• [Task requirements]
Pictures stay out. Everything else in the listing below gets written out exactly.

• [Recorded information]
----------------

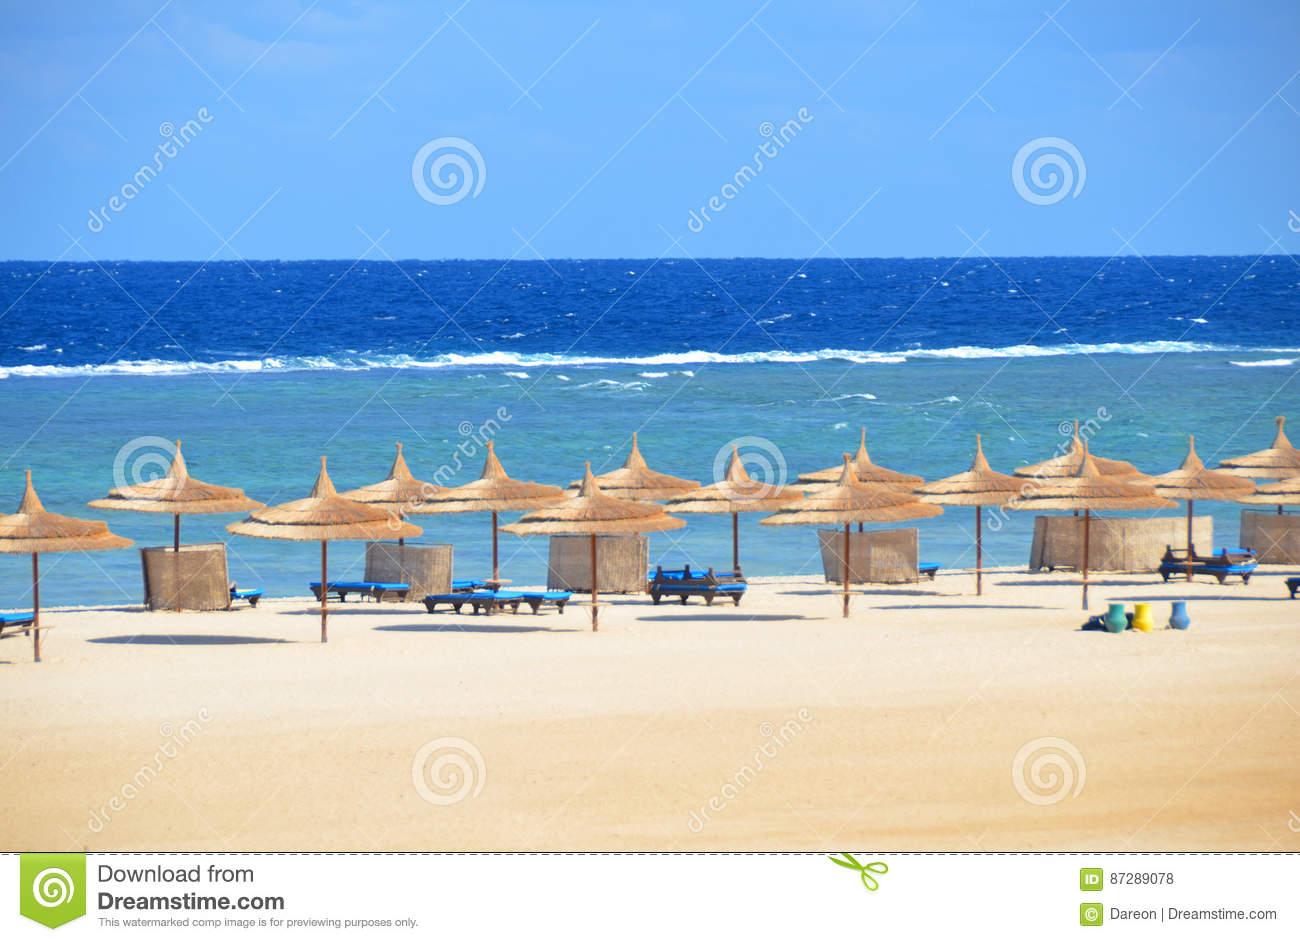 Beach clipart sandy beach. Resort pencil and in
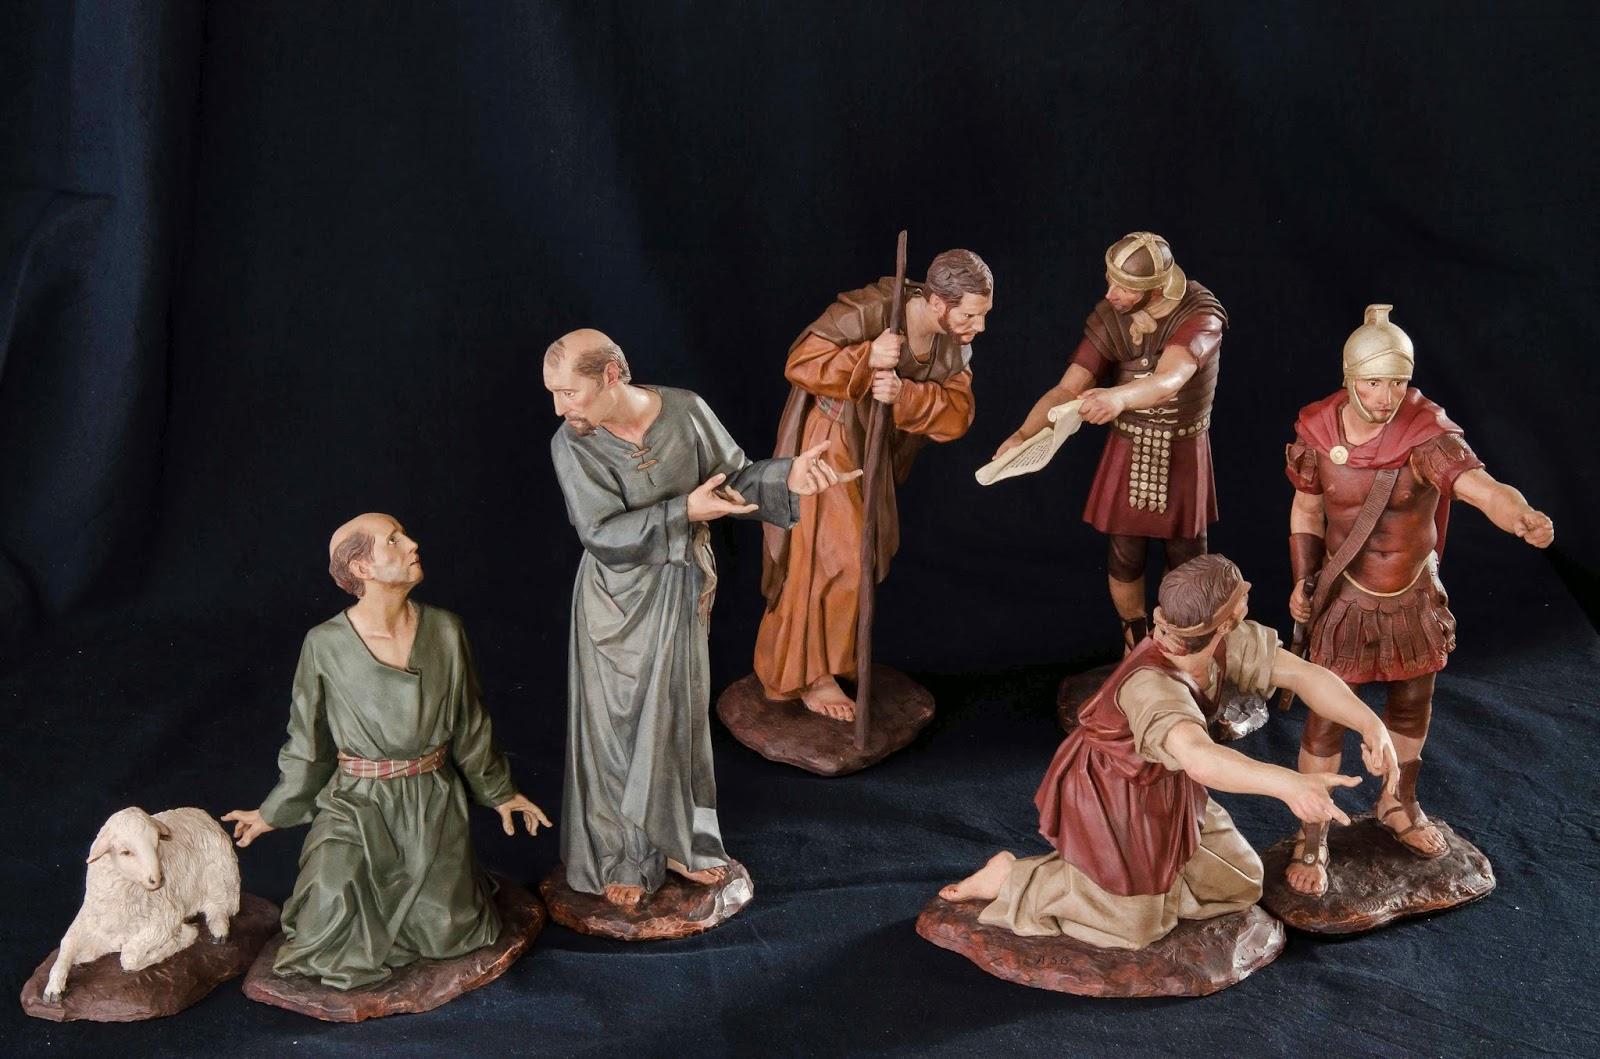 Belén presepe nativity krippe Arturo Serra escultura barro cocido 11
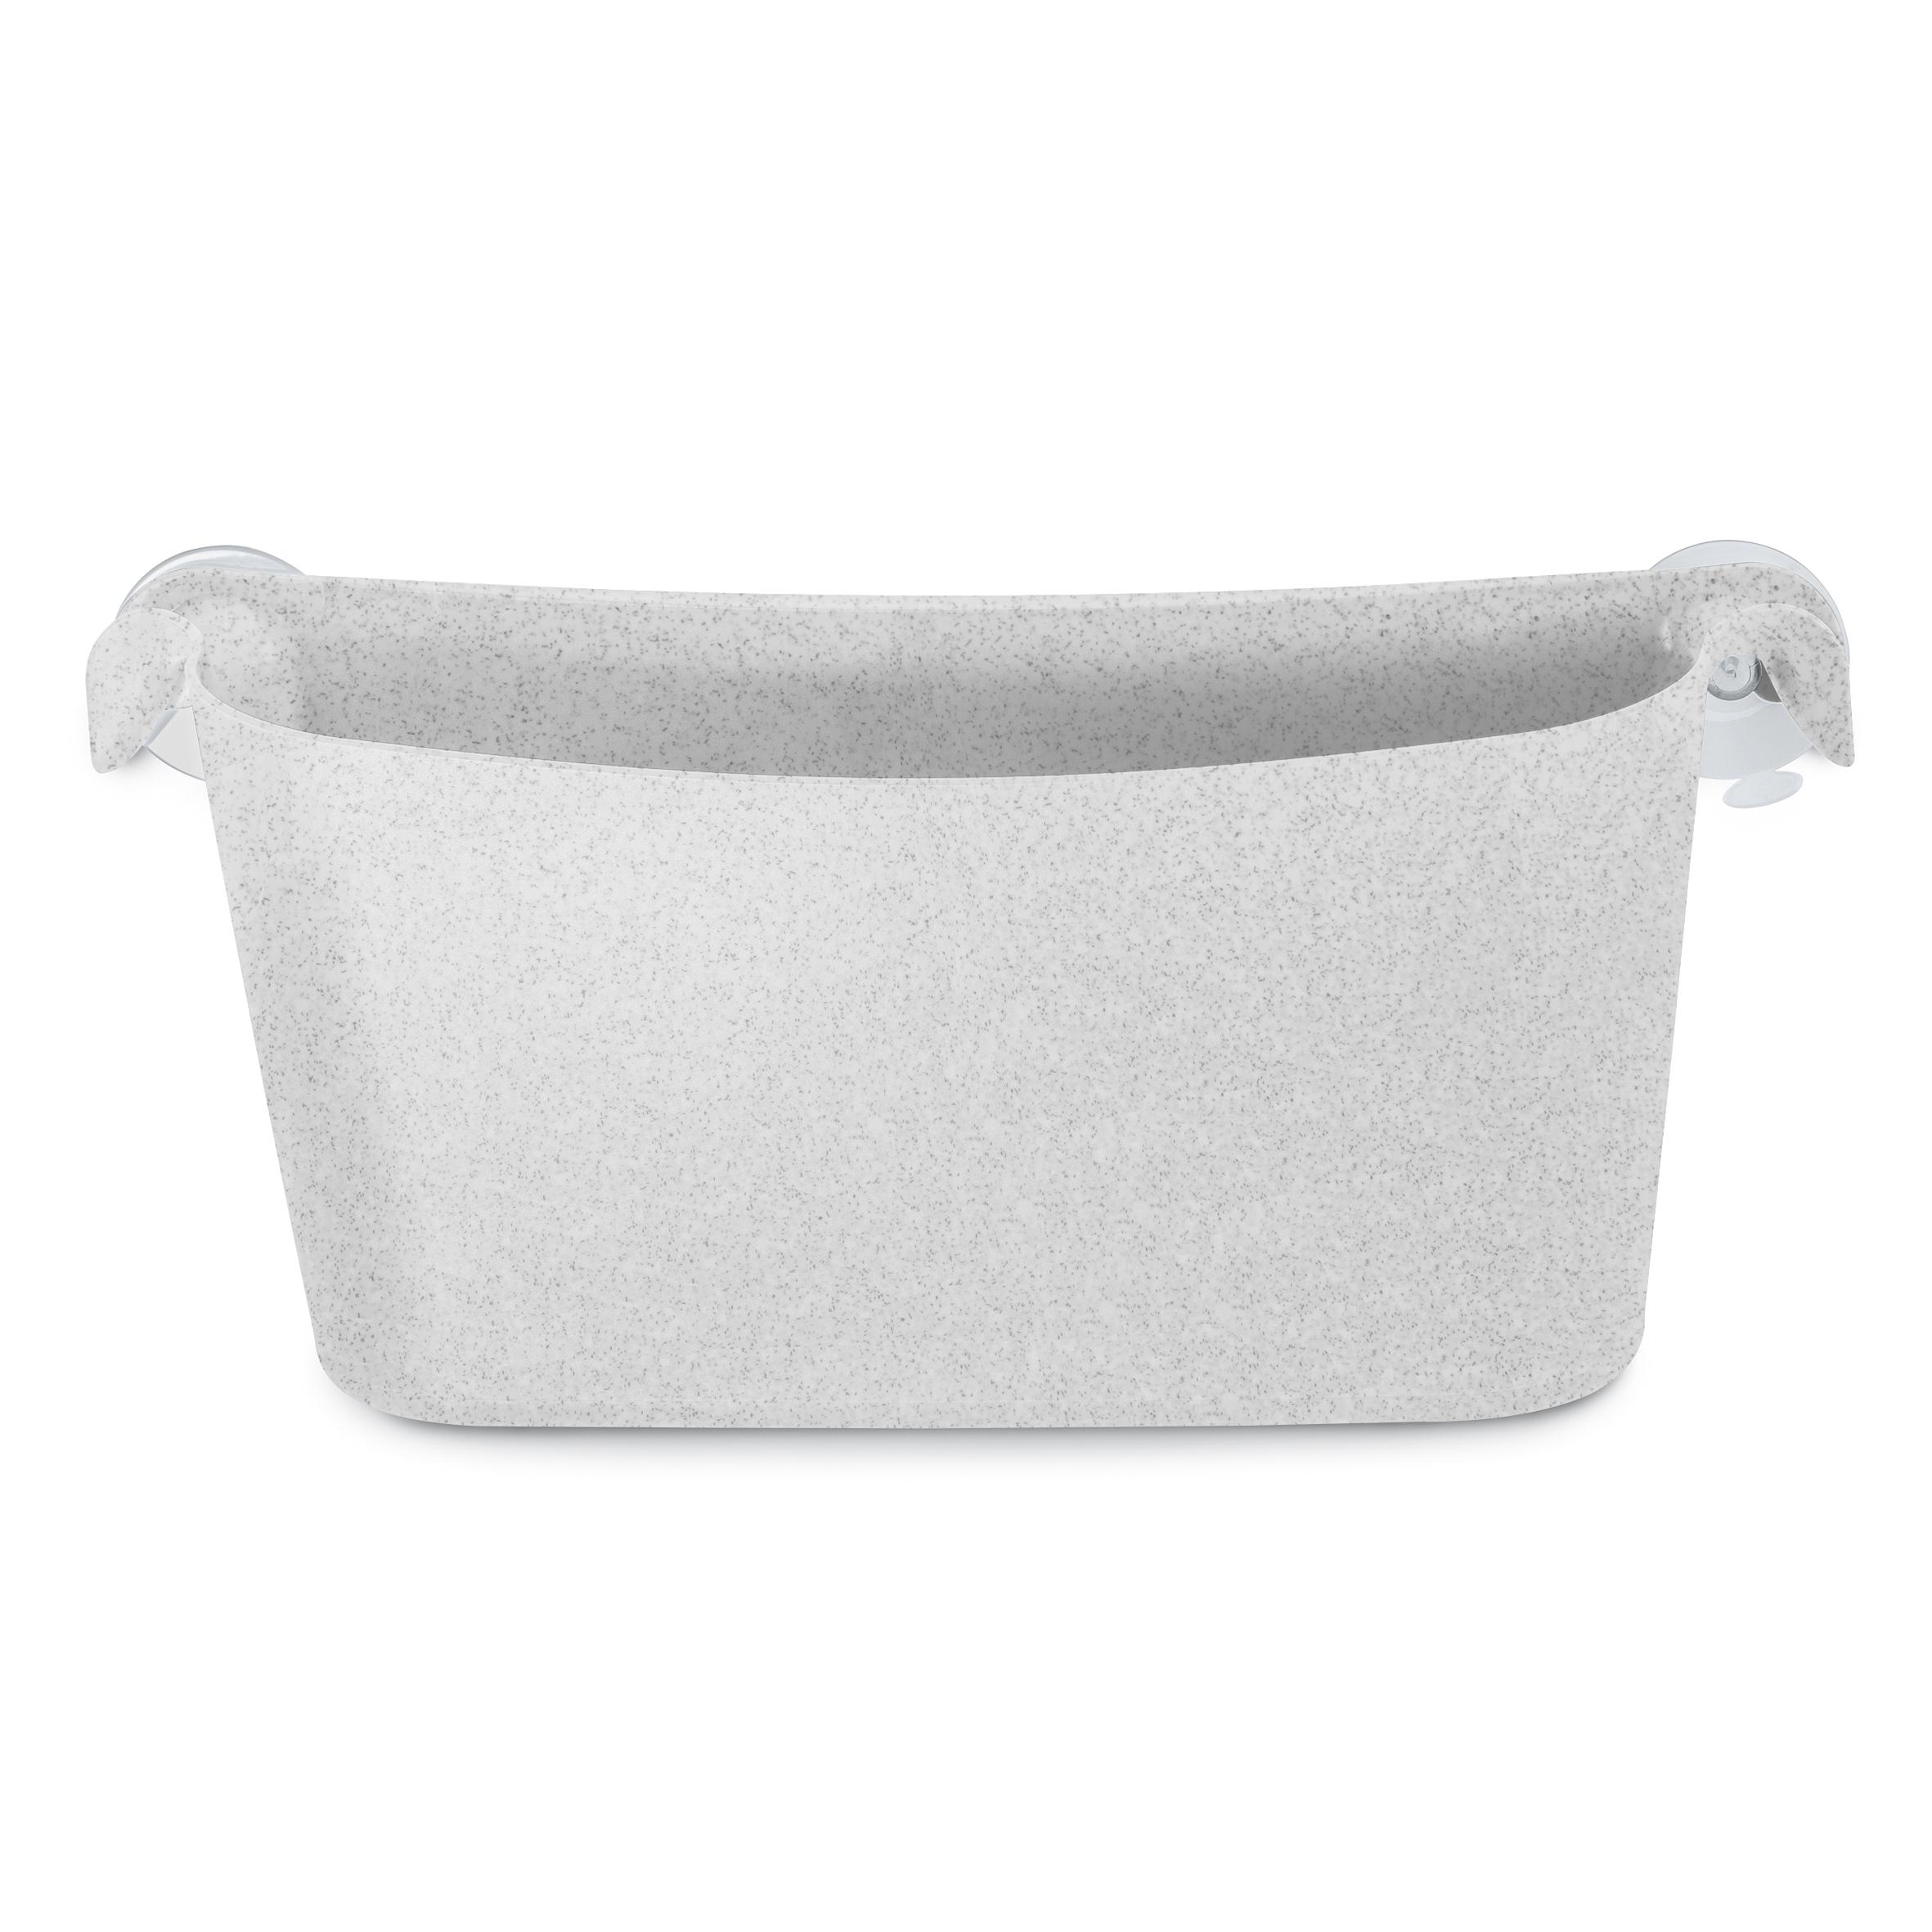 Organizator accesorii pentru baie, din termoplastic, Boks Gri, l35xA10,5xH15,8 cm imagine

----------------

• [Finished task]
 Beach clipart sandy beach. Resort pencil and in
 Belén presepe nativity krippe Arturo Serra escultura barro cocido 11
 Organizator accesorii pentru baie, din termoplastic, Boks Gri, l35xA10,5xH15,8 cm imagine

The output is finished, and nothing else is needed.